Она скрестила руки на животе.
— Нет. Я не могу допустить этого. Как заплачу за это я — мне все равно. Но не мой ребенок. Господь свидетель: не мой ребенок.
Айдан склонил голову. Он тоже не мог осудить это, он тоже должен был защитить ребенка. Но…
— Нас будут видеть вместе, — сказал он. — Часто, если я хочу сделать что-то для малыша. Мы никогда не сможем сказать правду; мы никогда не осмелимся намекнуть на нее. Мы должны притворяться в совершенстве, что мы друг для друга не более чем родственники и, со временем, друзья. Ты думаешь о том, как тяжело это будет?
— Постоянно, — ответила она. Потом глубоко вздохнула, словно чтобы собраться с силами, и обняла его так целомудренно, как только смогла. — Видишь? Это возможно. Пройдет время, и это будет легче.
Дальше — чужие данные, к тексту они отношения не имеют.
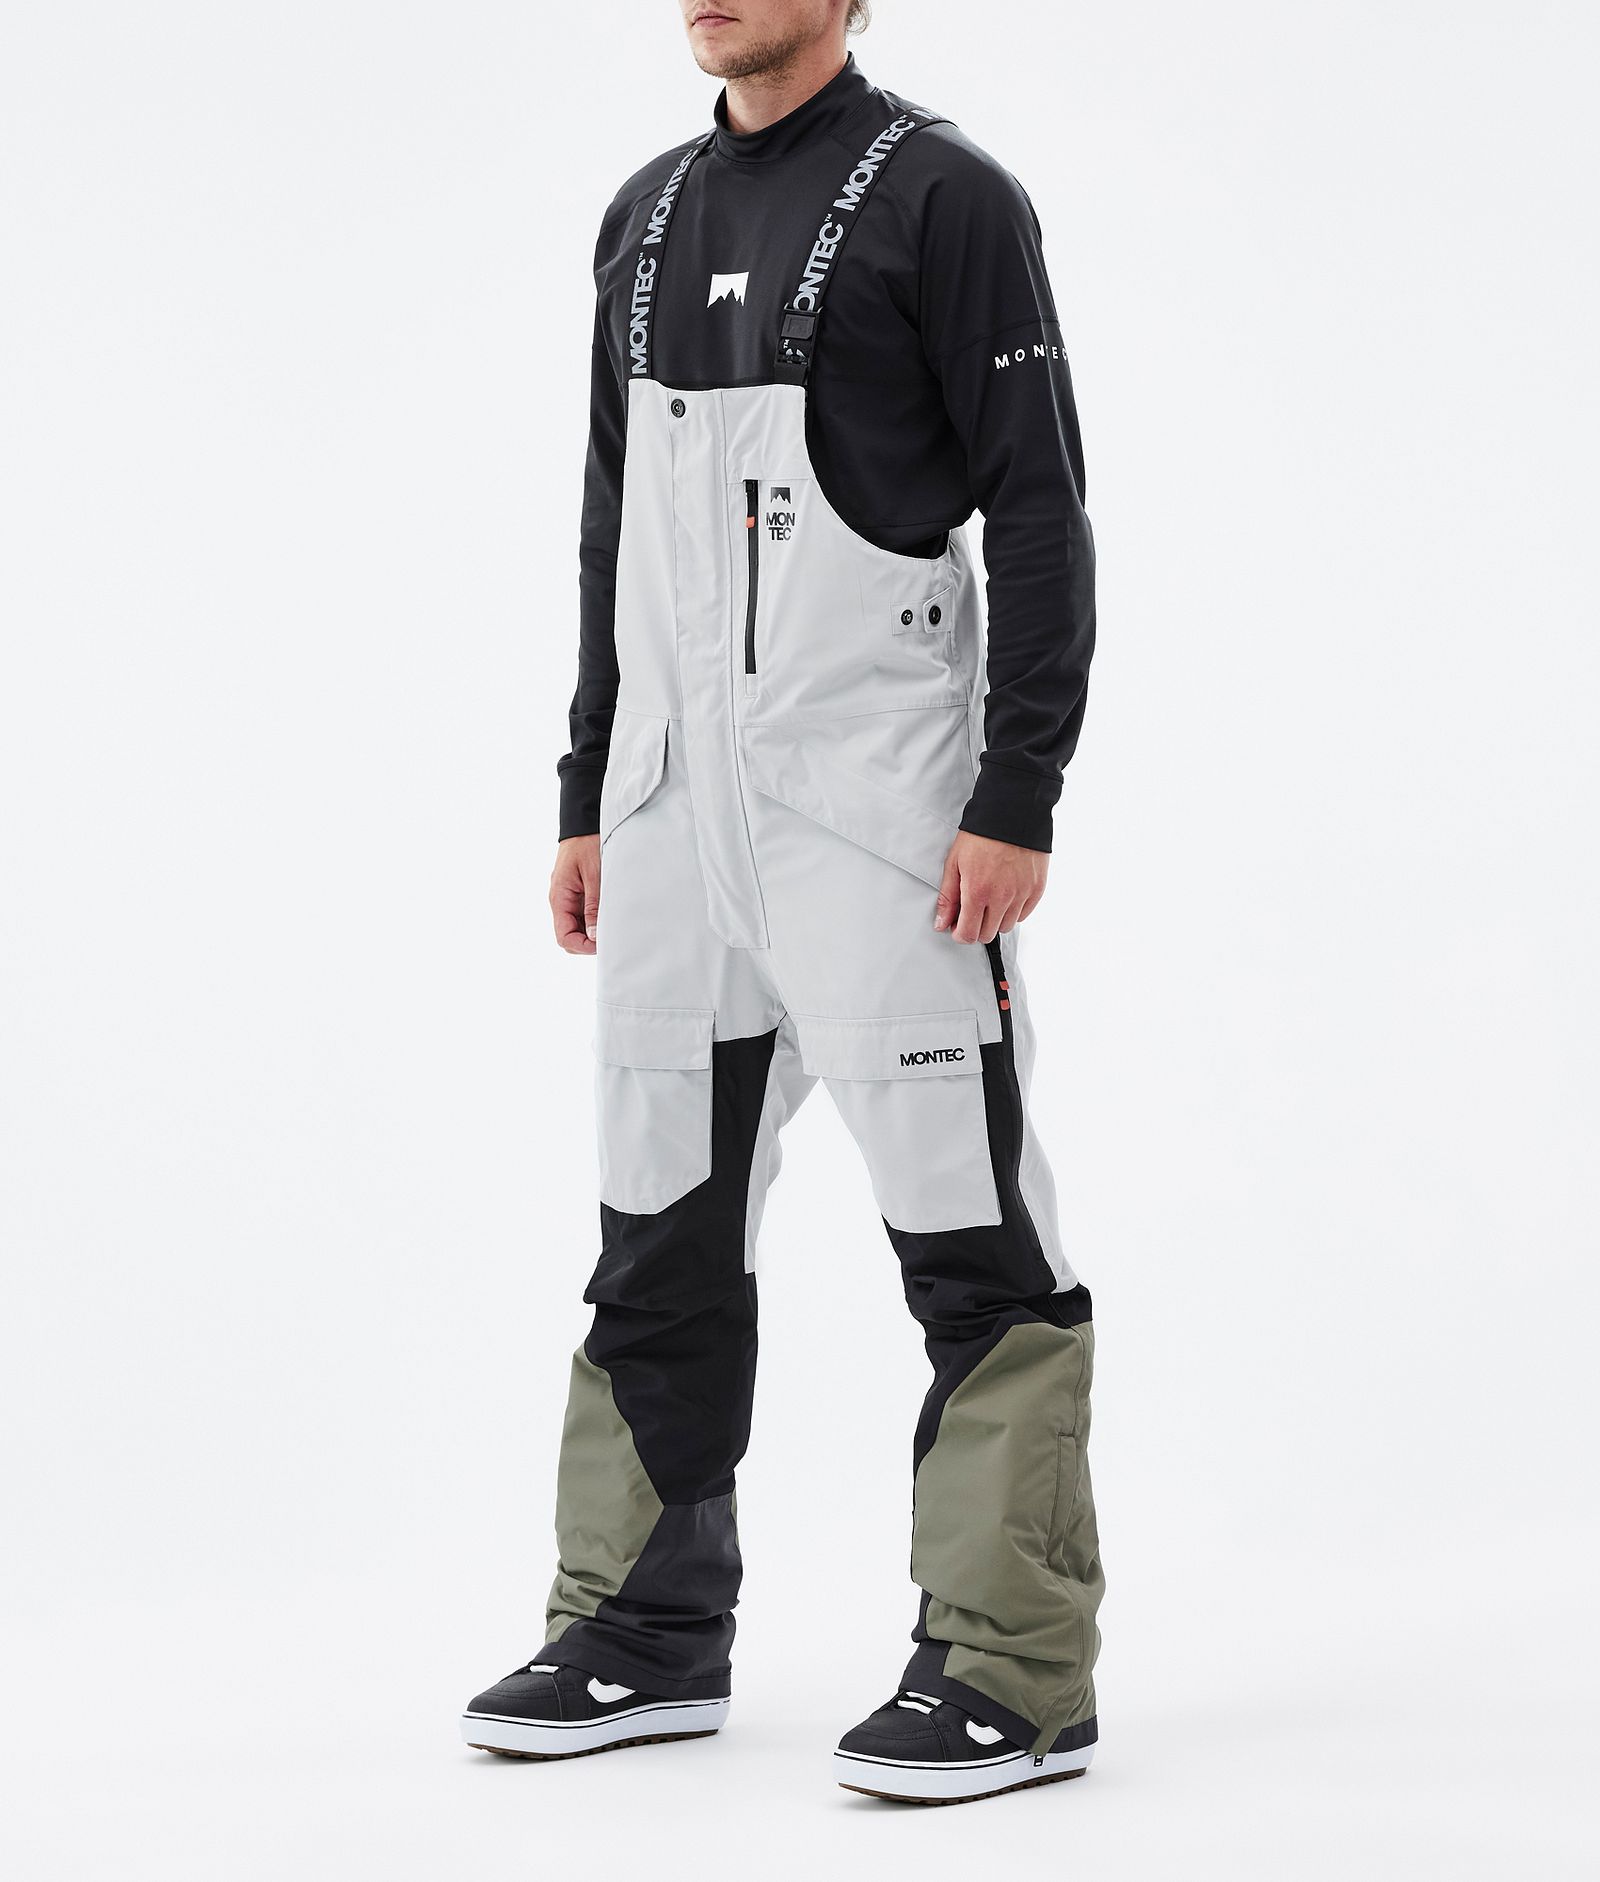 Fawk Pantalones Snowboard Hombre Light Grey/Black/Greenish

Он выскользнул из ее объятий, пока никто из них не сломался, и заставил себя улыбнуться.
— Быть может, так. Легче… Бог да дарует нам.
— У него не будет другого выбора, — отозвалась Джоанна.
39
Джоанна не хотела, чтобы ее сопровождали до дома ее мужа, но ей пришлось смириться с этим, и в придачу еще с лошадью: серым мерином Айдана. Это была в некотором роде месть за тот выбор, перед которыми она поставила себя и Айдана. Это был залог того, как им быть дальше.
Айдан оставил ее в воротах, поцеловал ей руку на прощание. Джоанна прижала руку к груди, а Аймери снова поднял крик. Он снова хотел, чтобы были лошади, и мужчины в алых одеждах, и стук и звон, когда они ехали через город. Он был сыном своей матери.
Это происшествие, поднявшее такую бурю в сознании Айдана, отняло у него чуть больше часа. Было едва за полдень. Он был чуть дальше от места, куда направлялся, и путь стал, пожалуй, несколько легче. Это была почти добрая судьба — случай, который заставил Джоанну бежать из дома ее матери при известии о его возвращении и поставил ее на его пути.
Почти.
Он отвернулся от ворот и женщины в воротах, к Башне Давида.
Высокий Двор Иерусалимского Королевства едва начал разъезжаться после свадьбы принцессы. Бароны задерживались, смакуя новые интриги, теперь, когда в королевстве был новый лорд, исподтишка поглядывая, не проявляет ли король признаков враждебности или чрезвычайного дружелюбия к мужу своей сестры. Видеть было почти нечего: чета новобрачных удалилась в свои новые владения Джаффа и Аскалон, а Балдуин сидел в Иерусалиме, правил королевством так спокойно, как только позволял двор.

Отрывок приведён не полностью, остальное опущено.